Sculpter à l’anglaise depuis 1900

Par Manou Farine · L'ŒIL

Le 26 janvier 2011 - 1670 mots

Première depuis trente ans, la Royal Academy of Arts ausculte le développement effervescent de la sculpture moderne britannique. Une exposition qui veut bousculer les conventions pour une lecture qui assumerait des influences tous azimuts.

En 1996, à Paris, la galerie du Jeu de paume déroulait un mémorable parcours qui établissait un panorama de la sculpture anglaise au xxe siècle. Au menu : dix-neuf stars, de Jacob Epstein à Damien Hirst, en passant par Barbara Hepworth, Henry Moore, Anthony Caro, Tony Cragg ou Anish Kapoor, pour un accrochage muséal et succinct. En dehors du caractère laconique de la sélection, la manifestation frappait par la nature œdipienne de l’histoire qu’elle énonçait. Pas une séquence ou presque sans qu’une génération ne vienne déconstruire la précédente ou lui couper la tête. Résultat : une démonstration de force limpide et linéaire pour une sculpture anglaise championne toutes catégories. Autrement dit, un alignement étanche d’indiscutables chefs-d’œuvre sculpturaux, sans autre forme de procès contextuel.  Et c’est précisément ce que la Royal Academy of Arts prend à revers en réécrivant cette histoire. Quitte à majorer les interférences. Qu’est-ce que la modernité ? Qu’est-ce que la sculpture ? Qu’est-ce que le caractère britannique ? devrait se demander le spectateur en sortant de l’exposition. C’est ce pour quoi plaide Penelope Curtis, l’une des commissaires de l’exposition, directrice de la Tate Britain et auteur de nombreux ouvrages sur le sujet. 

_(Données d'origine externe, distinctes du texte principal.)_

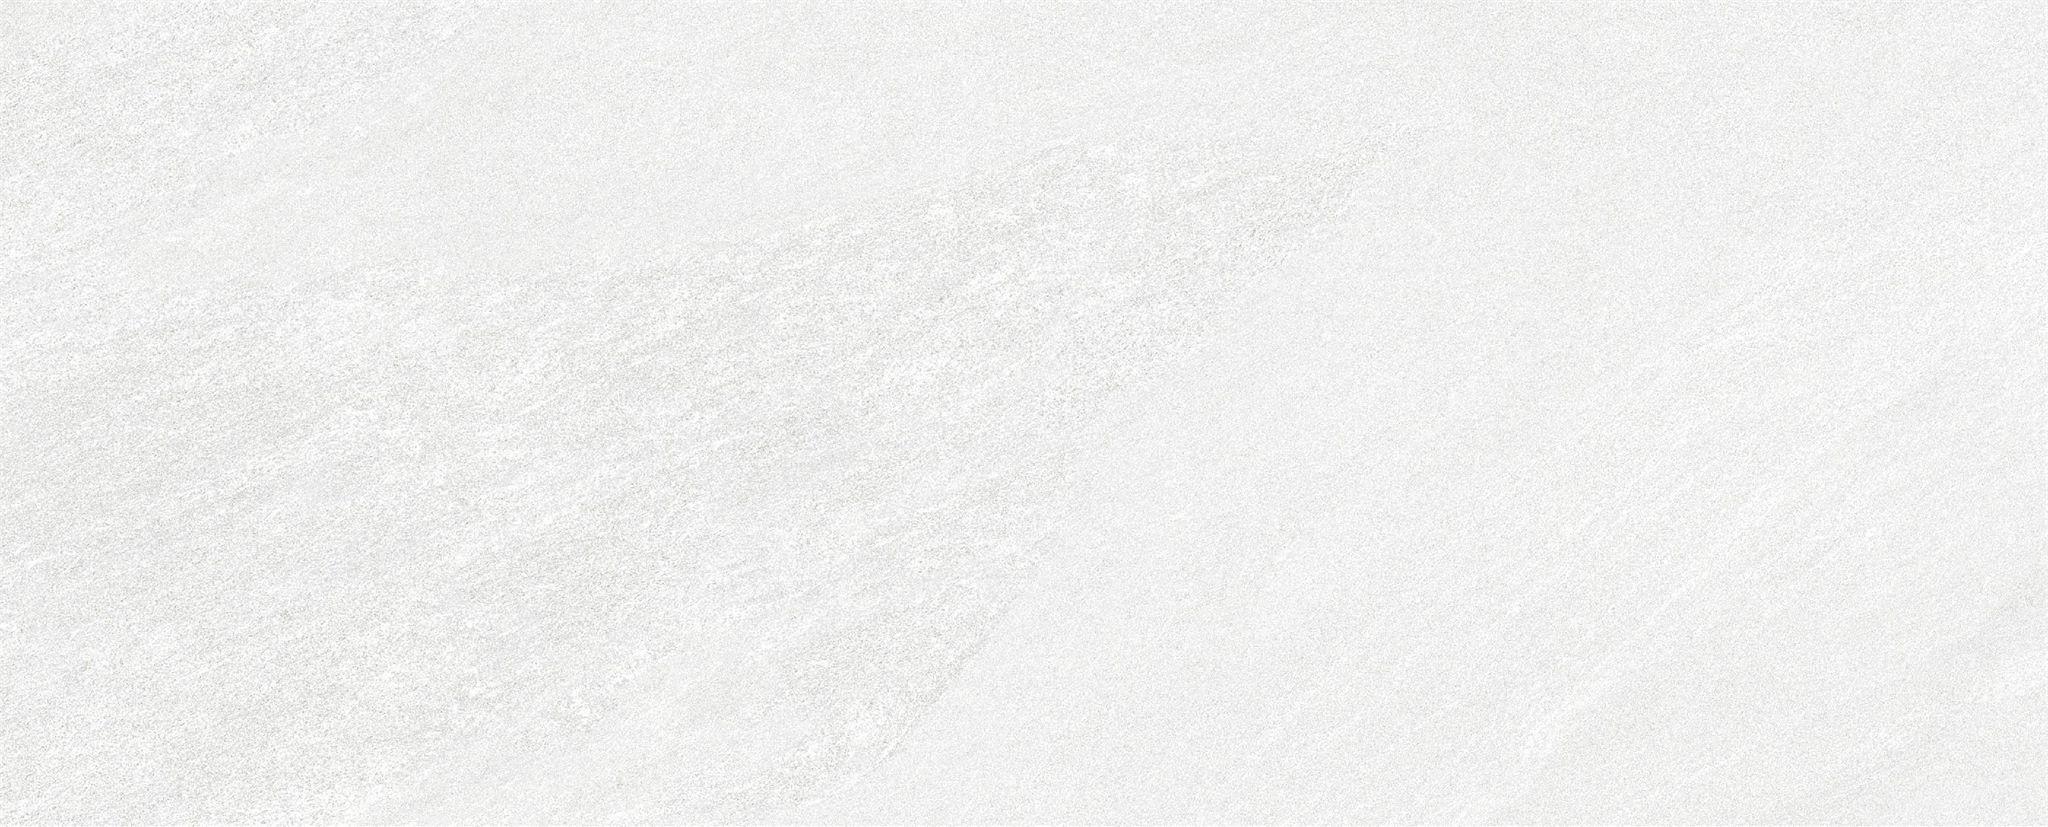 Настенная плитка Mayolica Avalon Blanco 28х70 настенная плитка vives gran mugat blanco 20x50
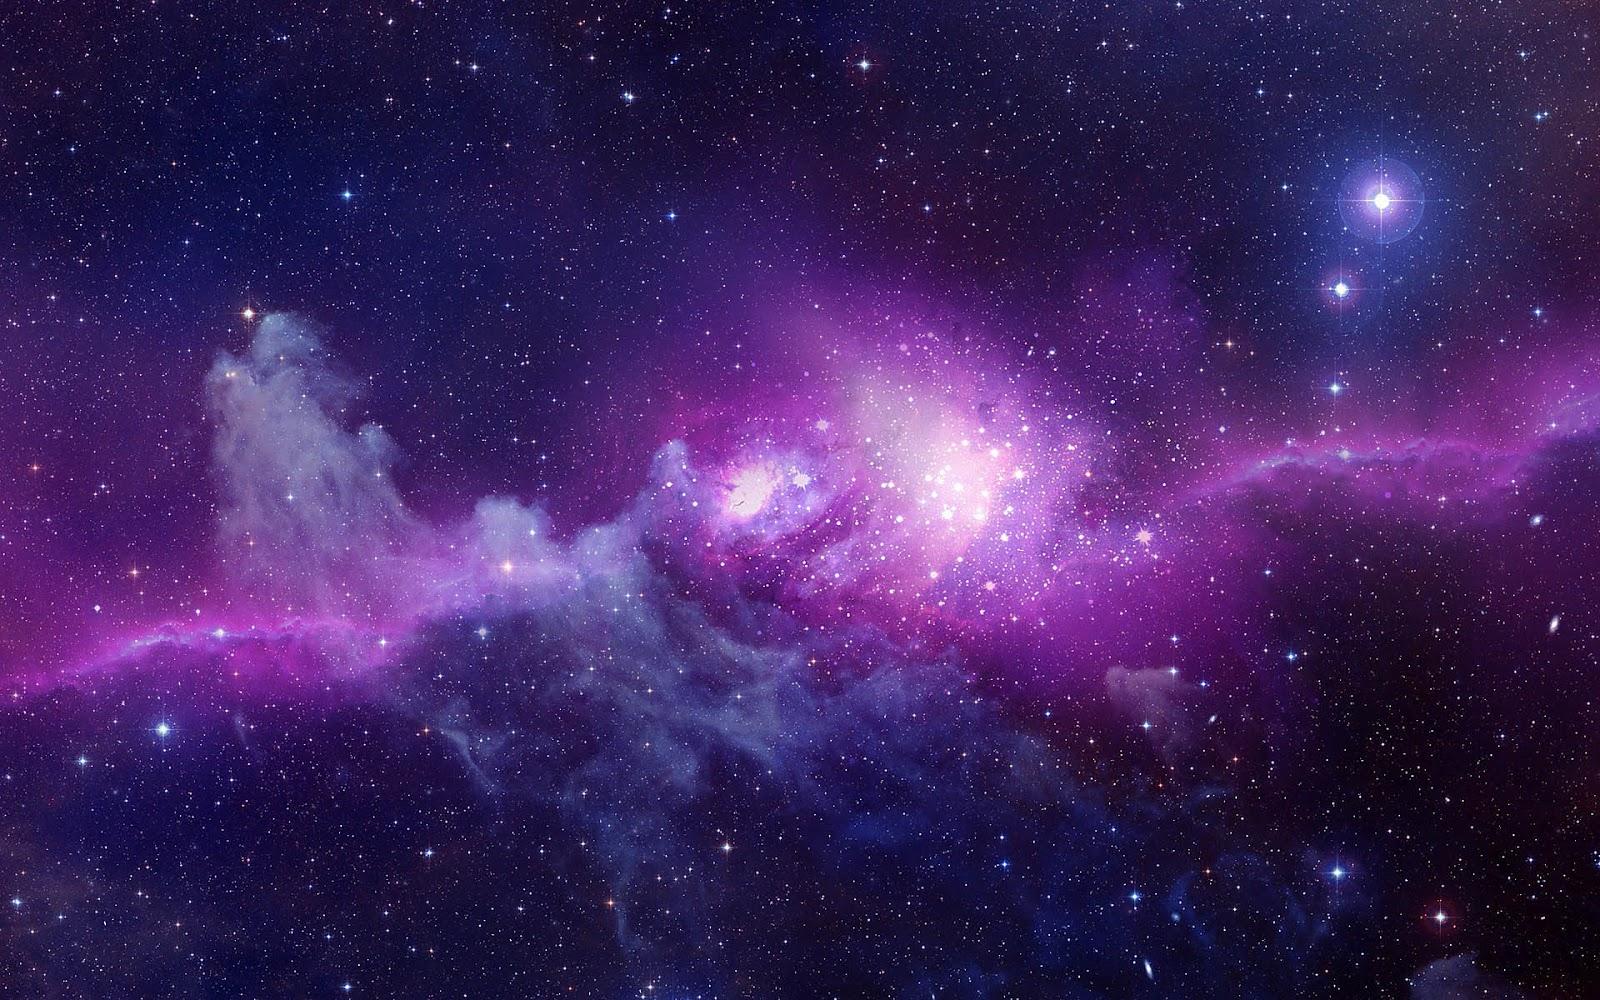 Desktop wallpaper met paarse nebula in het heelal 1600x1000

Un ADN britannique ? Pourquoi ? Et comment ?
Sculpture, britannique et moderne, voilà donc le trépied que discute ce parcours diablement impur. Un parcours qui garde un pied dans le xixe siècle en s’ouvrant avec la Queen Victoria d’Alfred Gilbert (1854-1934) et qui se termine au seuil du xxie siècle avec l’iconoclaste Gustav Metzger. Et qui intègre tout : âges d’or successifs, crises, constructions institutionnelles, domination, contre-feux, influences multiples venues des États-Unis bien sûr, mais aussi et surtout de son propre empire, des Indes lointaines comme des cultures africaines ou océaniennes.  Où commence la modernité ? De « New Sculpture » en « Young British Artists », comment définir sa spécificité nationale ? Quelle place pour le puissant Royal College of Art et la Saint Martins School ? Comment négliger l’influence de l’Américain David Smith sur l’œuvre d’Anthony Caro, celle des cultures non-occidentales sur l’emploi de la taille directe, celle de Brancusi, de Mondrian comme des arts tribaux sur Barbara Hepworth et Henry Moore ? Comment omettre le poids des États-Unis dans la mythologie et la reconnaissance même d’une sculpture strictement britannique ? Comment méconnaître l’impact des œuvres de Jeff Koons introduites en Angleterre par Saatchi dans les années 1980 ?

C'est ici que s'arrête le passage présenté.